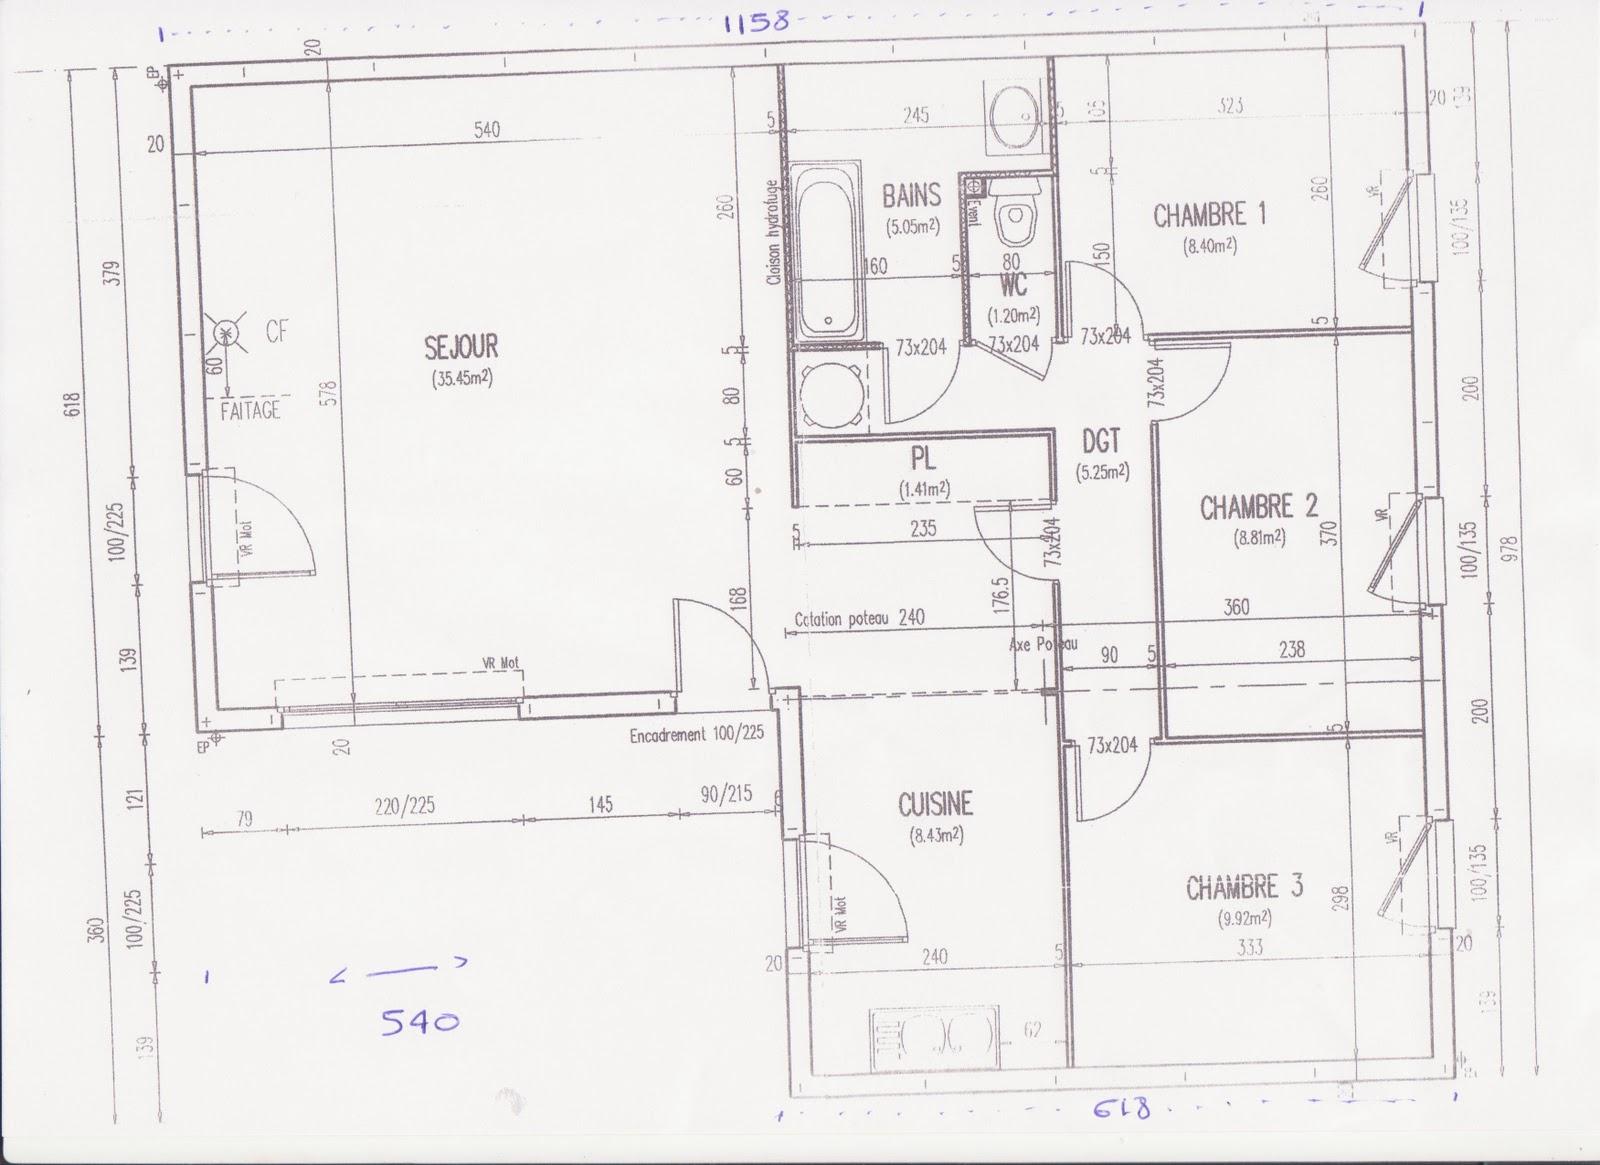 Maison phenix plan finest maison phenix plan with maison phenix plan trendy dtail du plan de - Plan maison phenix ...
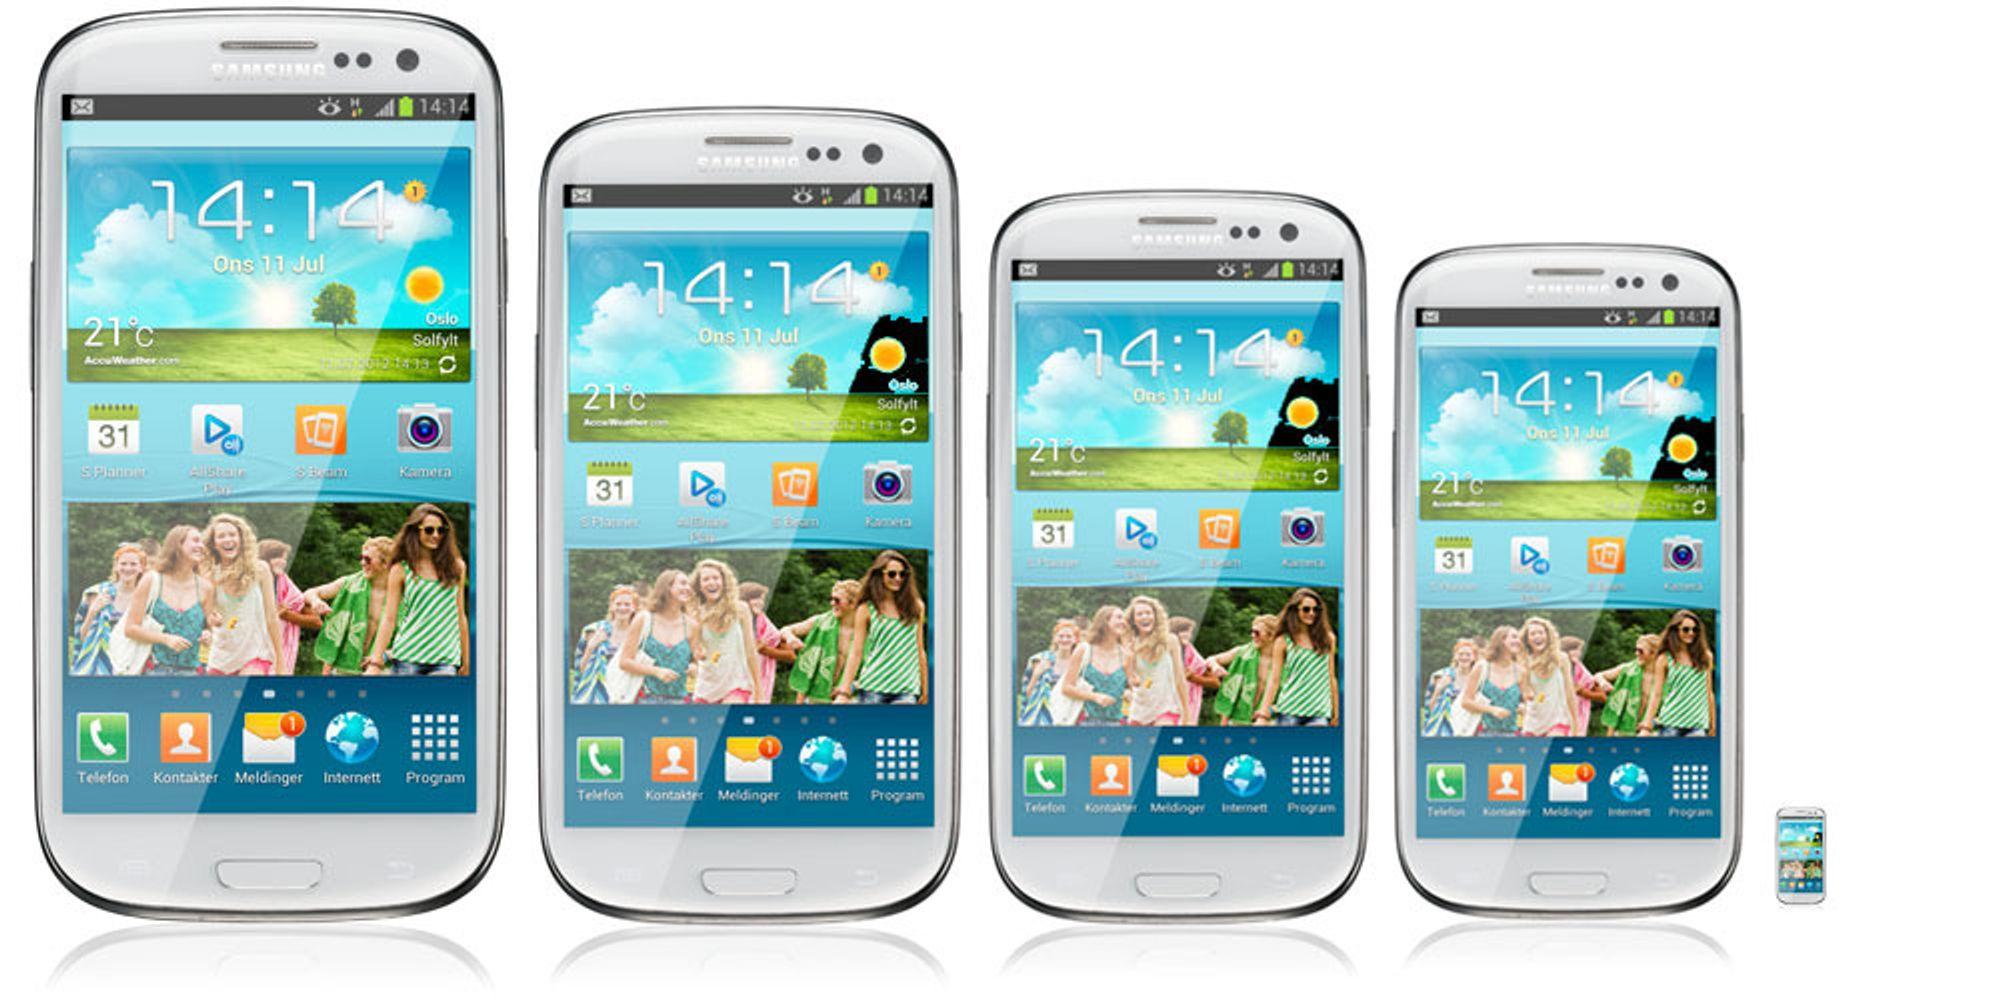 Kommer Galaxy S III Mini om en uke?
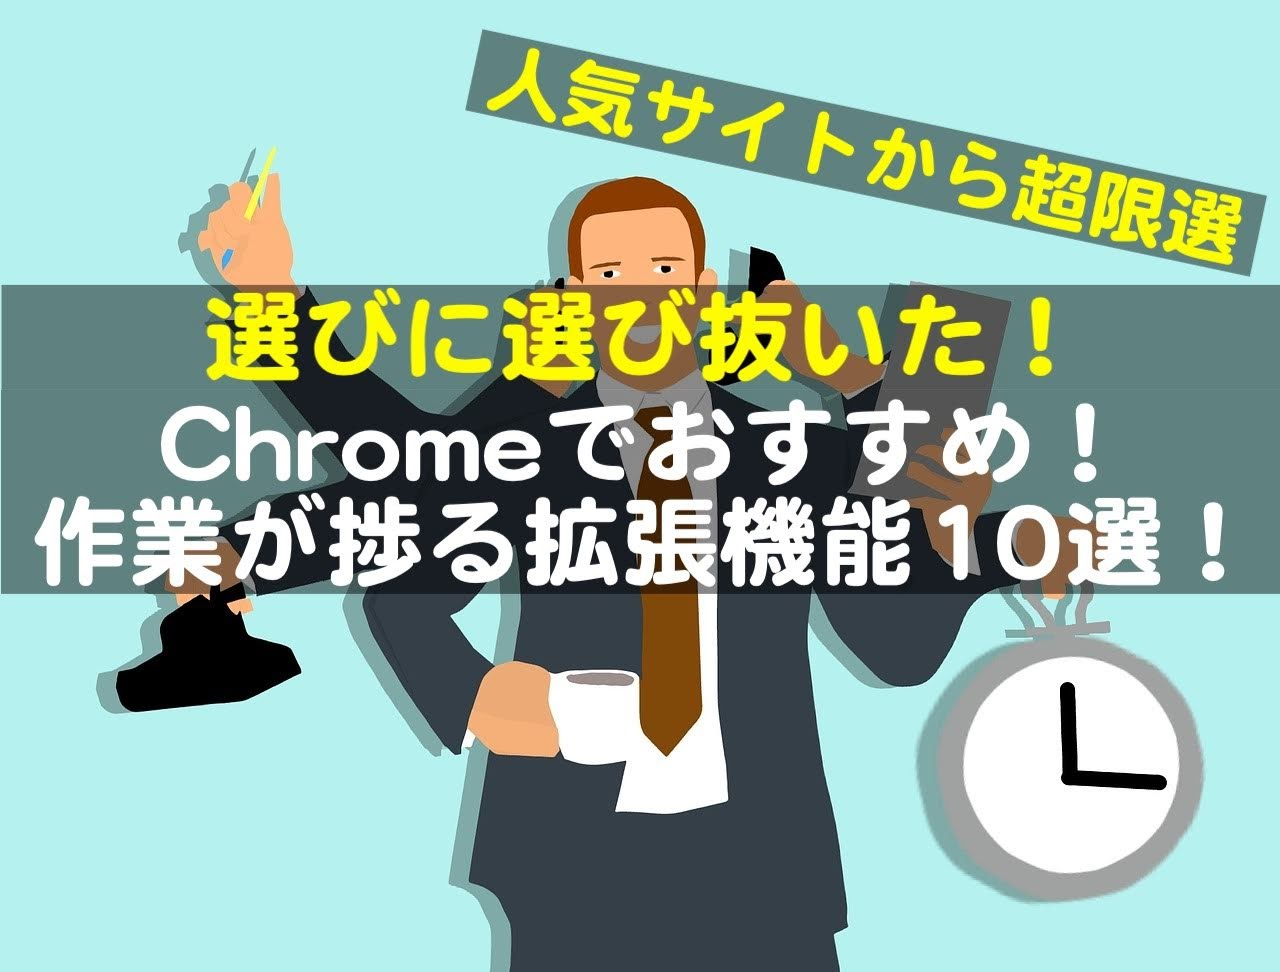 chrome 拡張機能 おすすめ 厳選 作業効率
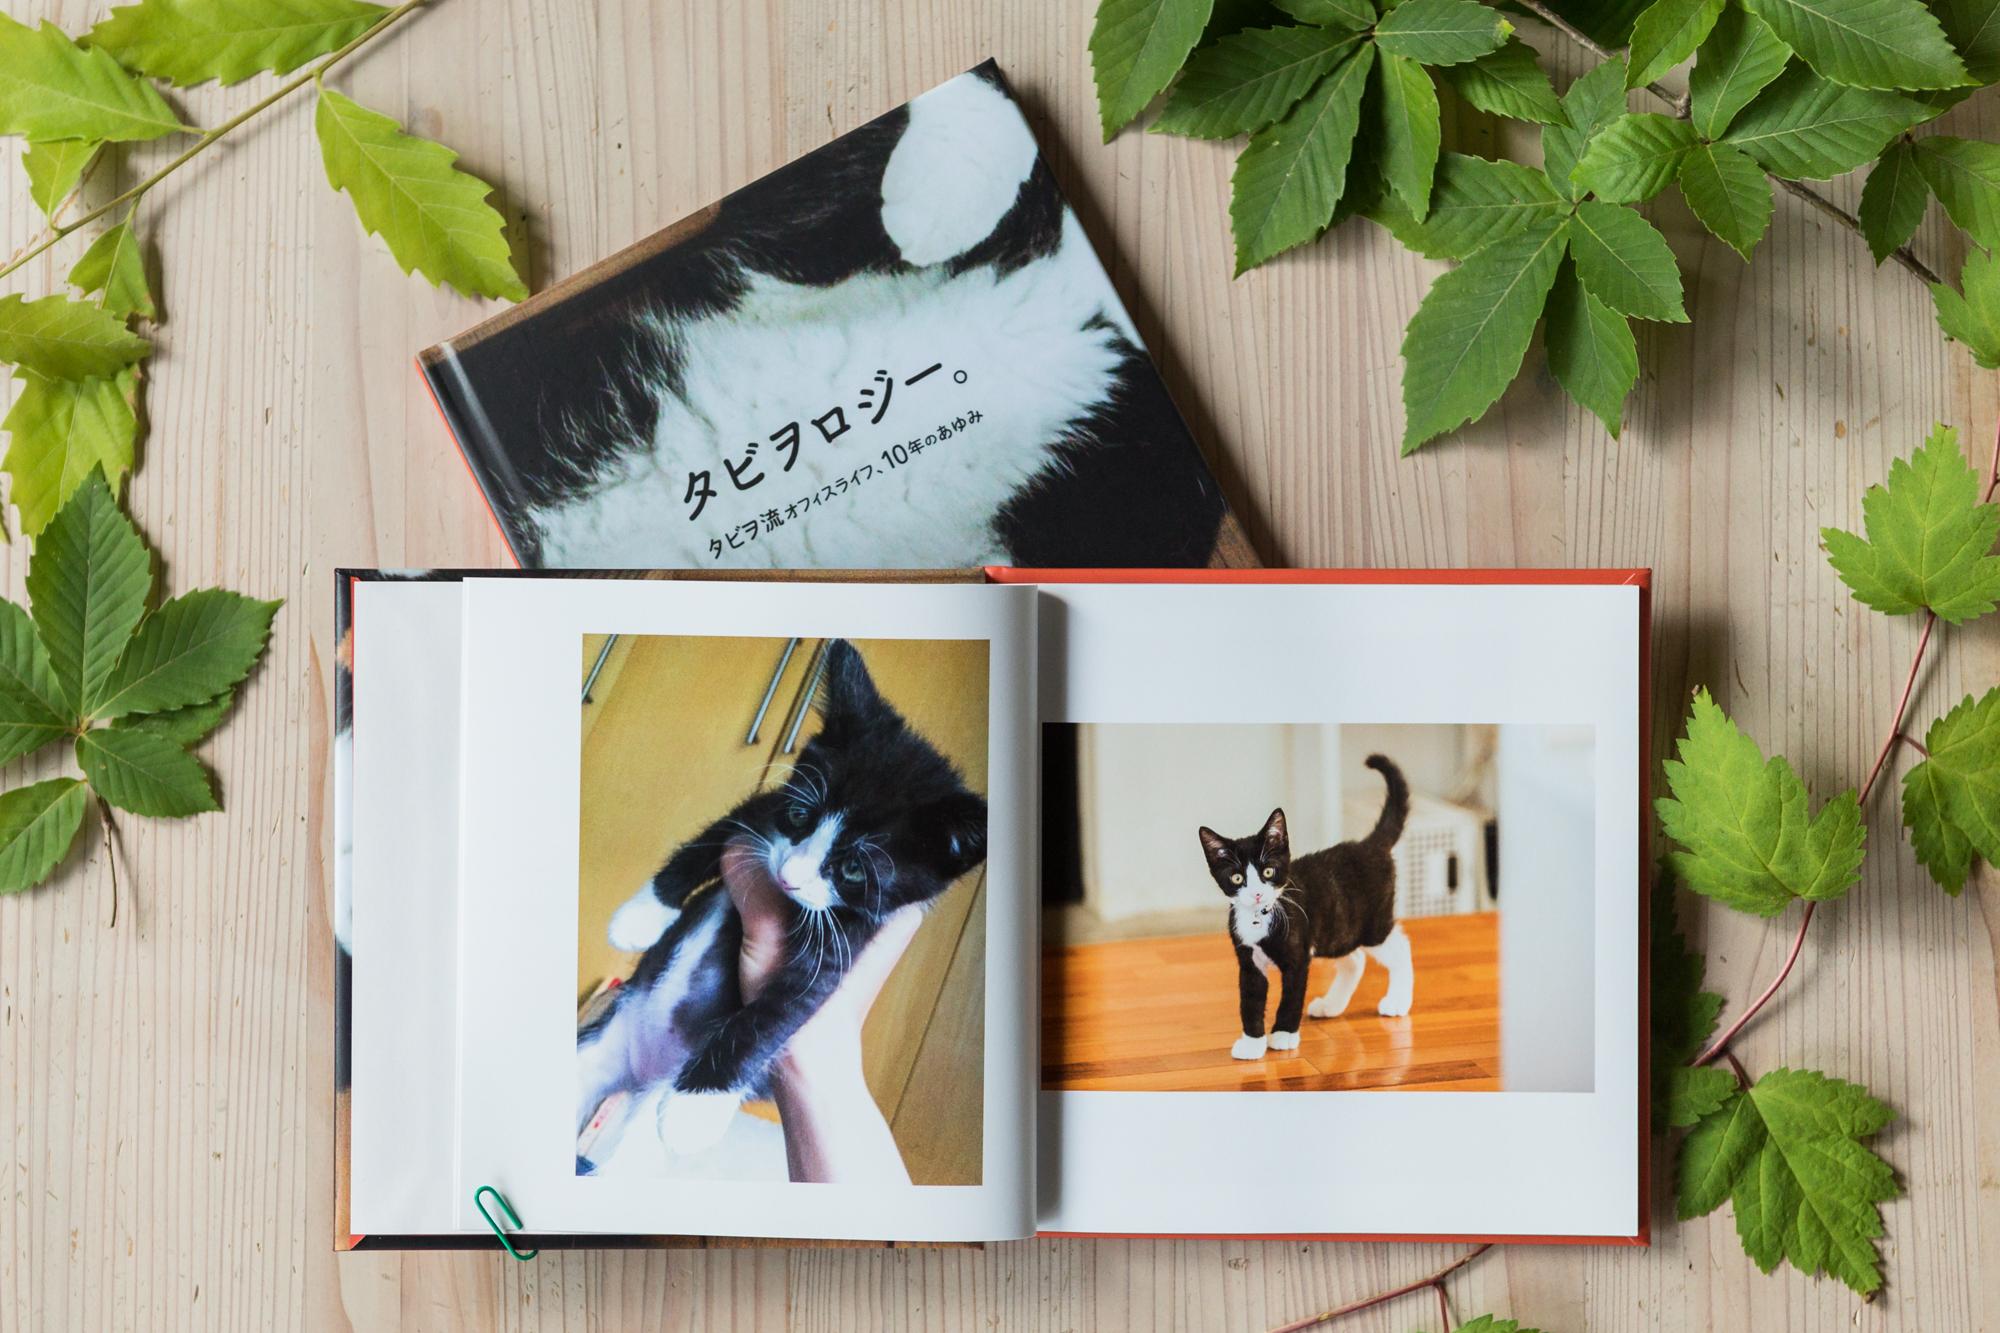 社猫、タビヲの写真集解禁!オンライン・チャリティショップ「モネリコ」で販売します

☆ ☆ ☆ ☆

**Exercise brief**
Write out exactly the lines from the line containing "Kommer Galaxy S III Mini om en uke?" through the last line of the listing above, please, and leave out any pictures.

**Solution below**
 Kommer Galaxy S III Mini om en uke?
 chrome 拡張機能 おすすめ 厳選 作業効率
 社猫、タビヲの写真集解禁!オンライン・チャリティショップ「モネリコ」で販売します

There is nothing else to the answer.